The company had hit upon a need that will only grow in coming years: figuring out what to do with obsolete solar PV infrastructure.

Because a solar panel’s average lifespan is about 21 years, it’s estimated about 100,000 tonnes of solar panels will enter Australia’s waste stream by 2035, according to figures from Sustainability Victoria.

“It’s starting to happen quite a lot,’’ Vippond says. ‘‘Households are having their systems decommissioned and installing a new system for whatever reason, and the old system gets left in storage at the house because the installers don’t know what to do with it.”

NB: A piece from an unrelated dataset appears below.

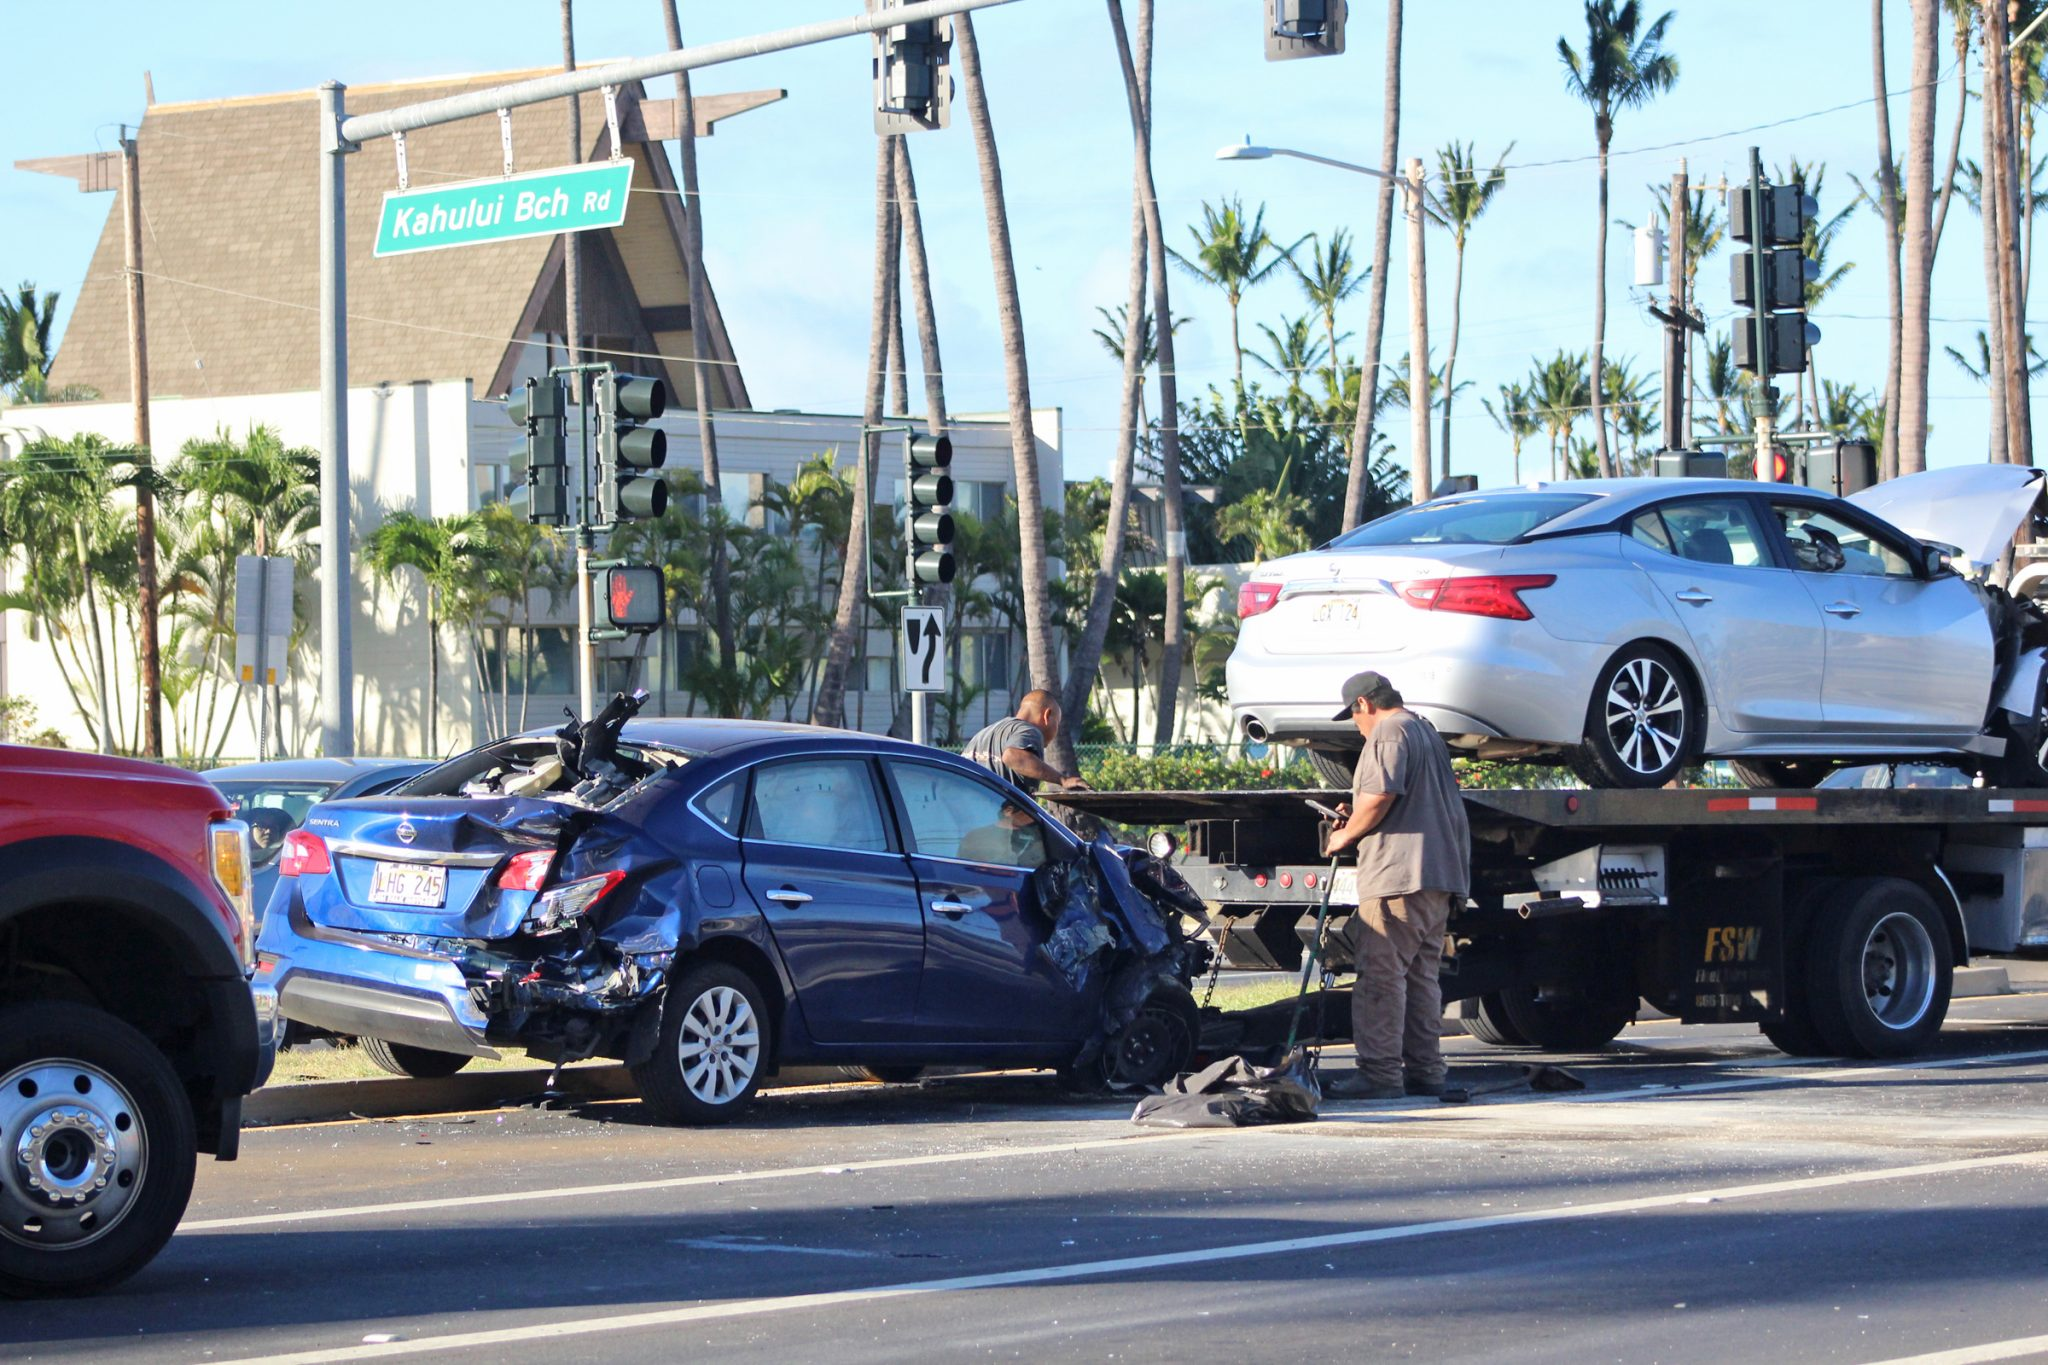 Multiple Car Accident In Kahului News Sports Jobs Maui News

Lotus Energy decided to recycle the material themselves, investing in a new recycling system for processing solar infrastructure. Solar panels contain a variety of elements that can be repurposed. Both copper and aluminium can be extracted – but Vippond says Australia does not have furnaces available to process the elements, meaning they must be sent offshore for processing – and other panel components can be transformed into gas, oil and carbon black.

But most of a solar panel is glass, which gets broken down into a fine powder and used for products including benchtops and tiles.

Because the tiles produced through recycling meet fire rating certification standards, they can be used in the construction of new solar panels, behind the batteries.

“It’s a great circular economy story,” Vippond says. “This product was once the solar panel on the roof, and now it’s the tile behind the batteries.”

Early results are promising, with Vippond confident that soon Lotus Energy will be able to recycle every single component of solar panels. “We managed to reach quite a high recovery rate early on, and we’re now at a 97 per cent recovery. We’ve run further trials to utilise that last 3 per cent which have been successful, so we’ll be at 100 per cent by the end of Q1 or Q2 next year.”